Uni- and multivariable ordinal regression analysis for clinical outcome (mRS shift)

Univariable analysis Multivariable analysis
OR 95% CI p value OR 95% CI p value
BGL 1.00 0.99–1.01 0.06 1.01 0.99–1.02  > 0.3
BATMAN 0.84 0.66–1.08 0.17 1.14 0.86–1.52  > 0.3
Recanalization 0.65 0.34–1.25 0.20 0.18 0.04–0.84 0.03
NIHSS 1.08 1.06–1.11  < 0.001 1.05 1.00–1.10 0.04
IV alteplase 1.48 0.78–2.82 0.23 1.10 0.30–4.00  > 0.8
pcASPECTS 0.72 0.58–0.89 0.002 0.58 0.39–0.86  < 0.01
Age 1.03 1.00–1.06 0.01 1.04 0.38–0.86 0.08
Time 0.98 0.96–1.00 0.14 1.07 0.92–1.24  > 0.5

BGL baseline glucose level, Time Time from symptom onset to admission

Fig. 4.

Fig. 4

3D Illustration of the relationship of glucose levels and BATMAN score on the likelihood for recanalization. 3D Surface plot to illustrate the impact of BATMAN scores and BGL on the likelihood for successful recanalization

Discussion

The aim of this study was to investigate factors associated with successful recanalization in acute BAO patients, and in particular, analyze how baseline BGL and the BATMAN score, as a measure of collateral quality and clot burden, are associated with reperfusion.
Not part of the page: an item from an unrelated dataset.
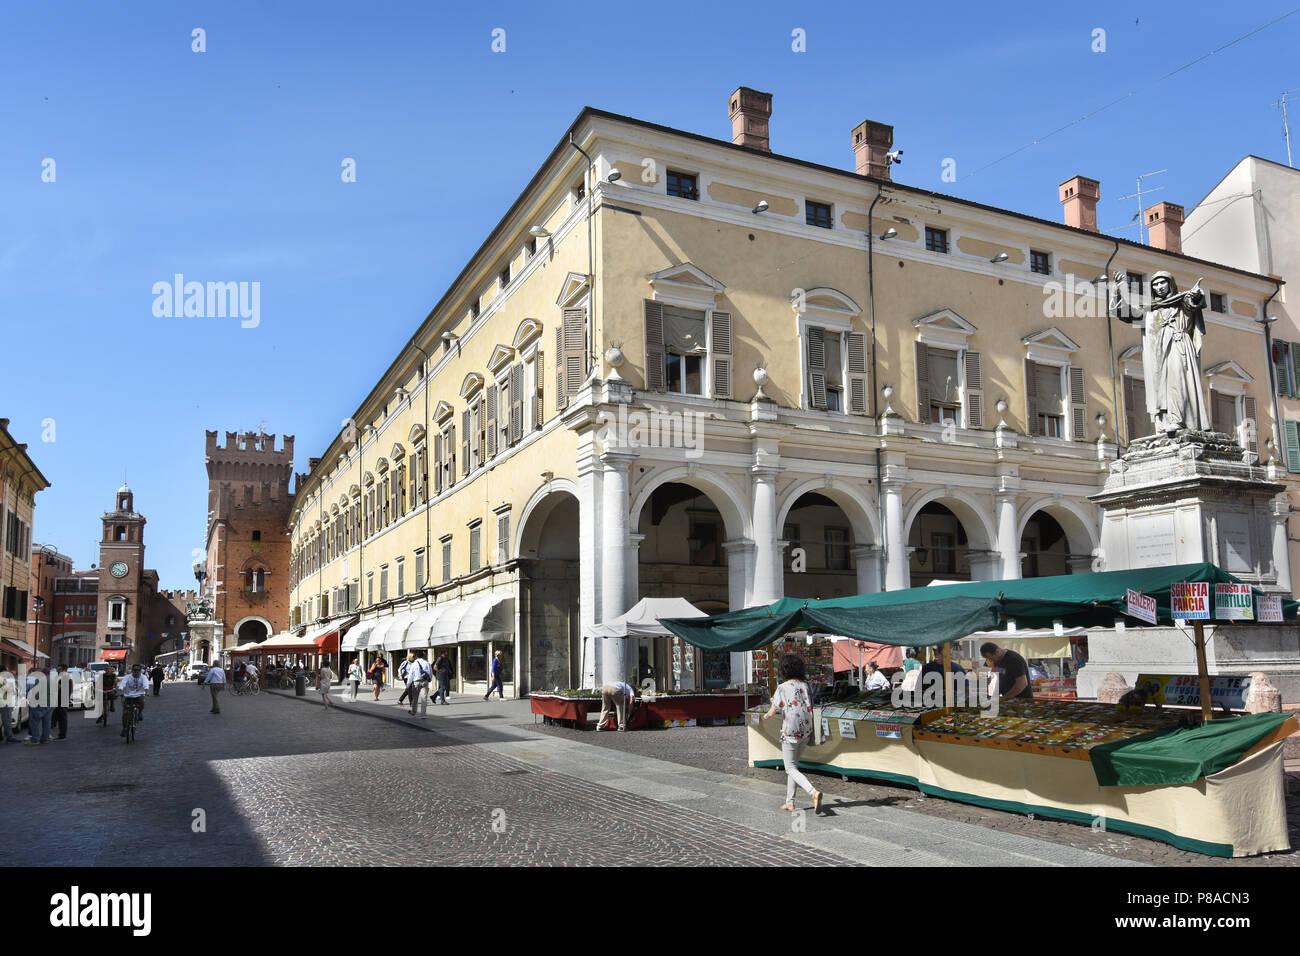 Corso Martiri della Libertà and Ferrara Town Hall, Ferrara ( Emilia-Romagna ) , northern Italy, capital Province of Ferrara, Italian. - Stock Image

We hypothesized that BGL is directly related to the likelihood of successful recanalization, mediated by the BATMAN score. The study has several findings: (1) in multivariable logistic regression analysis, only BGL and BATMAN were independently associated with recanalization; (2) successful vessel recanalization was significantly associated with better functional outcome when adjusted for BGL and BATMAN score; (3) pcASPECTS and recanalization status were important predictors of functional outcome, while other variables such as application of intravenous alteplase, or time from onset to imaging, only had a minor impact on recanalization, and functional outcome.
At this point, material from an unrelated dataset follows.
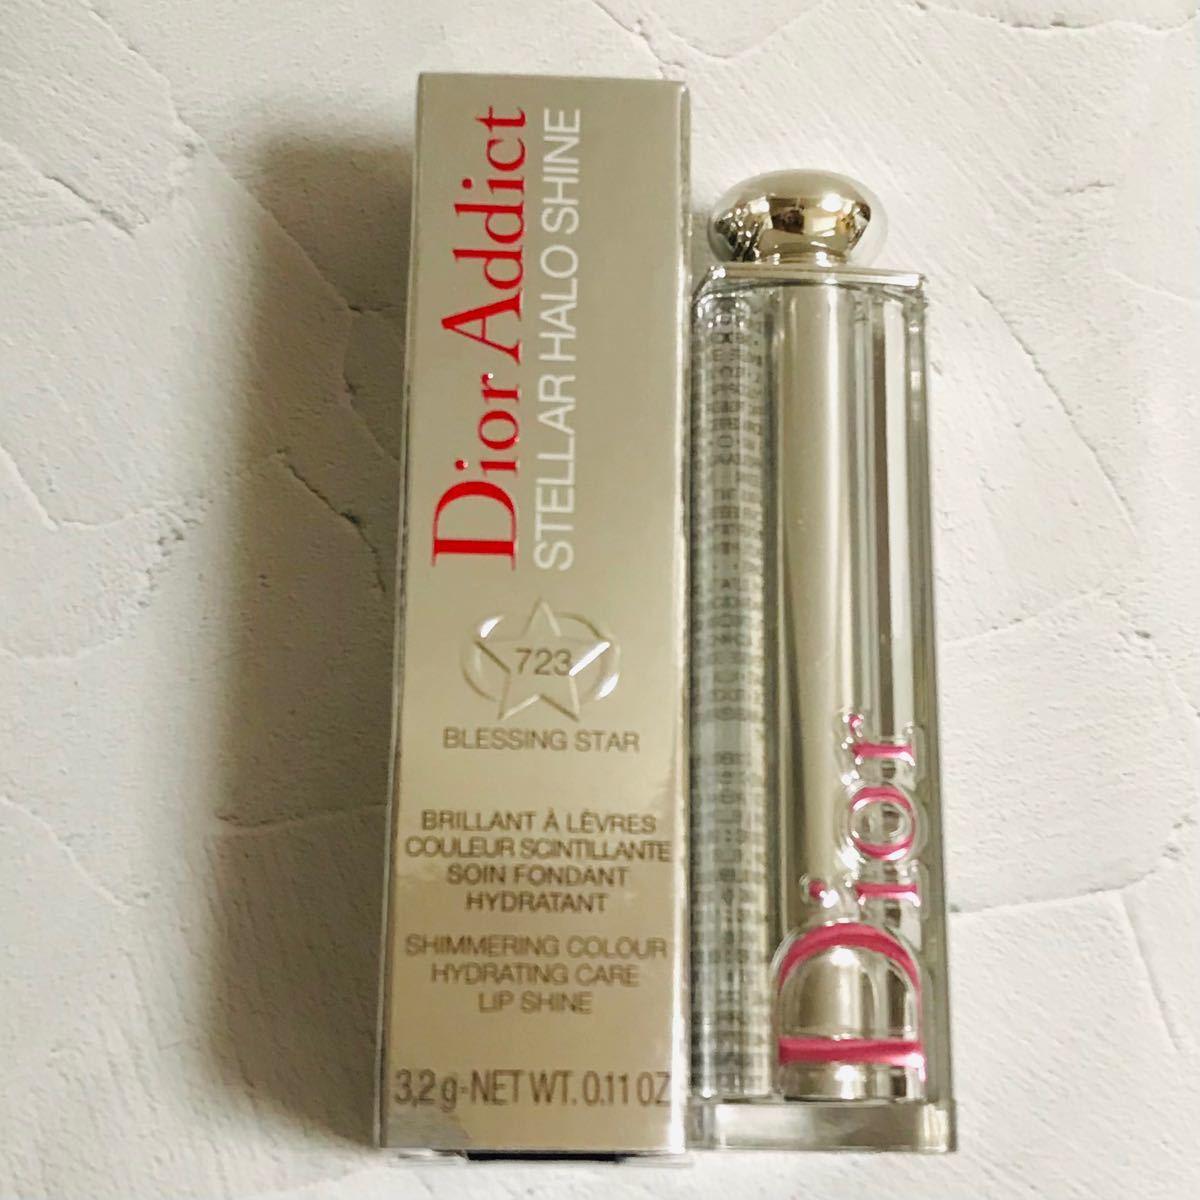 【新品未使用】Dior ディオール アディクト ステラー ハロ シャイン 723 ブレッシング スター

In ischemic posterior circulation stroke, BAO is still associated with very poor functional outcome, despite recent advances in endovascular treatment. Lately, the results of the Basilar Artery International Cooperation Study (BASICS), analyzing the safety and efficacy of MT in BAO patients, have been presented (clinical trial ID: NCT01717755 [23]). This study observed no significant benefit of MT compared to best medical management alone, notwithstanding a slightly higher proportion of patients with good functional outcome. Despite controversies about the study design and particularly its long recruitment period, the study emphasizes a need to further improve treatment selection for MT and outcome prediction in BAO stroke.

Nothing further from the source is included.